The Occupational Health and Safety Direction of 28 April 2020 (OHS Direction) imposes onerous health and safety obligations on employers to prepare and maintain the workplace in order to mitigate the risk of spreading COVID-19 amongst employees returning to work.

These health and safety obligations are likely to remain in place as we move through the various Alert Levels. However, even if stringent health and safety measures are implemented, the risk exists that employees may be exposed to confirmed or suspected cases of COVID-19 in the course and scope of their employment. 

This newsflash considers compensation available to employees, and liability of an employer for ‘Occupationally Acquired COVID-19’.

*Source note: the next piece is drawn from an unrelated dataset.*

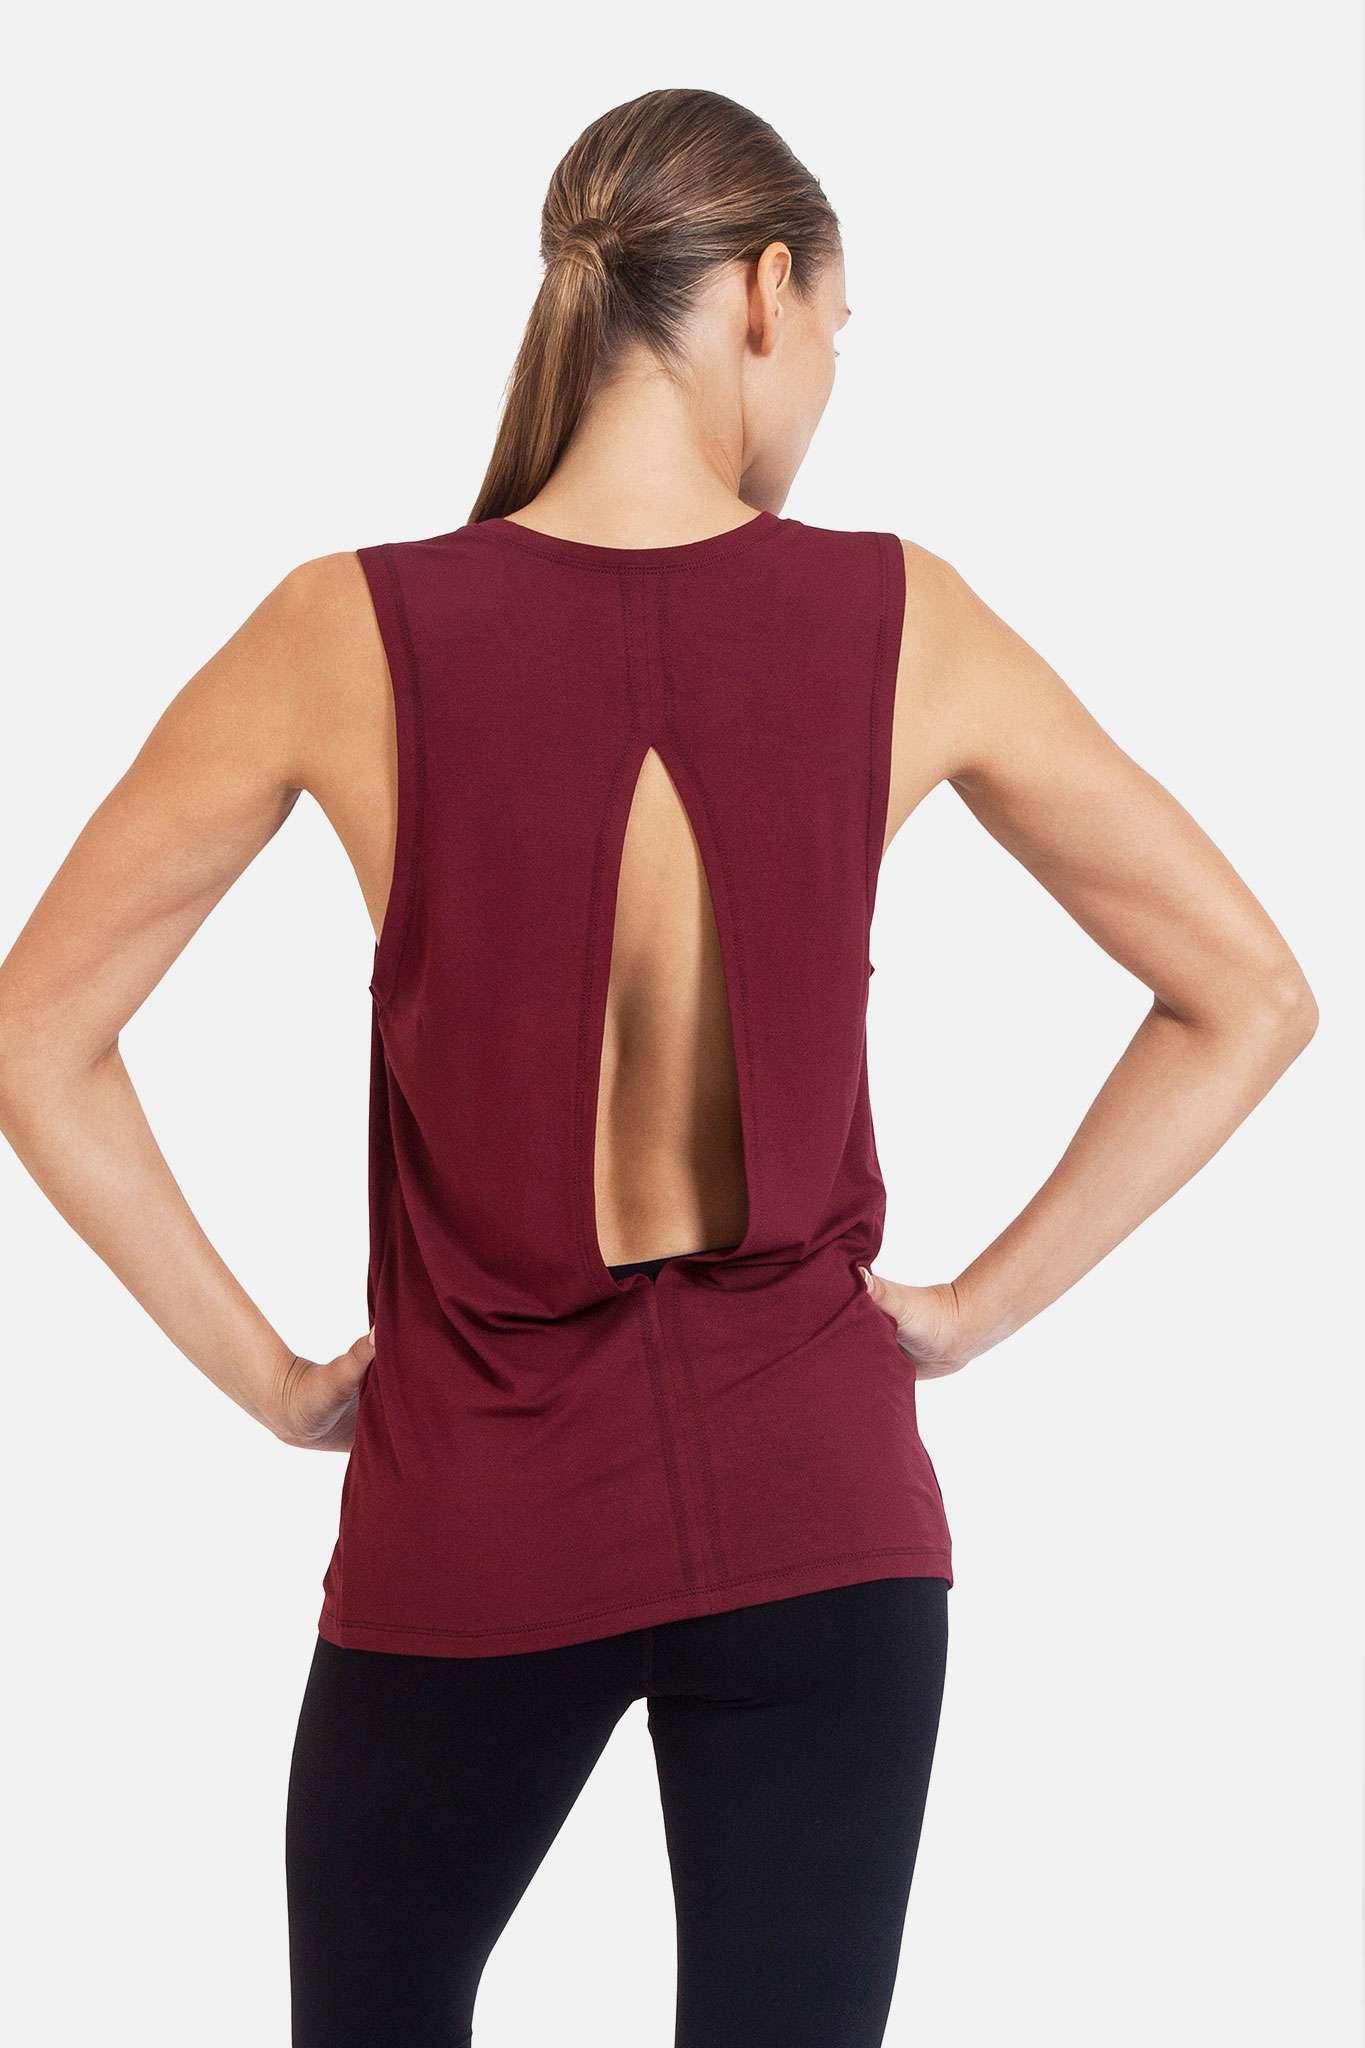 dharma bums diamond back yoga tee tank vest - wine

Compensation in terms of COIDA

The Compensation Commissioner has published a notice on ‘Occupationally Acquired Covid-19’ in terms of the Compensation for Occupational Injuries and Diseases Act 130 Of 1993 (COIDA). The Notice defines ‘Occupationally Acquired Covid-19’ as a disease contracted by an employee arising out of and in the course of his or her employment.

COIDA provides for amongst other things, compensation for occupationally-acquired diseases, including COVID-19. In terms of COIDA, employers are protected from delictual claims for damages in terms of the common law arising from occupationally acquired COVID-19. 

The COIDA Notice provides that Occupationally-Acquired COVID-19 relies on single or multiple exposures to confirmed cases of COVID-19 and may be confirmed by:

  • occupational exposure to a known source of COVID-19;
  • a reliable diagnosis of COVID-19 as per the World Health Organisation Guidelines;
  • an approved official trip and travel history to countries and/ or areas of high risk for COVID-19 on work assignment;
  • presumed high-risk work environment where transmission of COVID-19 is inherently prevalent; and
  • a chronological sequence between the work exposure and the development of symptoms.

In terms of COIDA, if there is evidence that a worker contracted COVID-19 as a result of occupational exposure, the employer must, within 14 days of being notified or having learned in some other way that an employee has contracted COVID-19, report it to the Compensation Commissioner. Failure to do so amounts to an offence in terms of COIDA, the penalties for which include liability for a fine, or to imprisonment for a period not exceeding one year.

If the Compensation Fund accepts the application for compensation, employees will be provided with medical aid and temporary total disablement benefits for as long as the disablement continues, but not for a period exceeding 30 days.

If there are complications, the Commissioner may review the case and award permanent disablement benefits. In addition, and in the unfortunate event that an employee dies as a result of complications of COVID-19, death benefits such as reasonable burial expenses, widow and dependents pensions may be payable.

If the employee contracts COVID-19 due to the negligence of the employer, the employee may apply to the Commissioner for increased compensation in terms of COIDA. In such circumstances, the employer may be at risk of increased assessment costs.

In addition, where the negligence amounts to non-compliance with the OHS Direction, the employer may be risk of enforcement proceedings in terms of the Occupational Health and Safety Act 85 of 1993, (OHSA) or being liable for offences and penalties as set out in section 38 of the OHSA.

COIDA protects employers against delictual claims by their employees. This protection is not applicable to a third party that contracts COVID-19 in the employer’s workplace, and an employer may be exposed to a civil claim in this regard.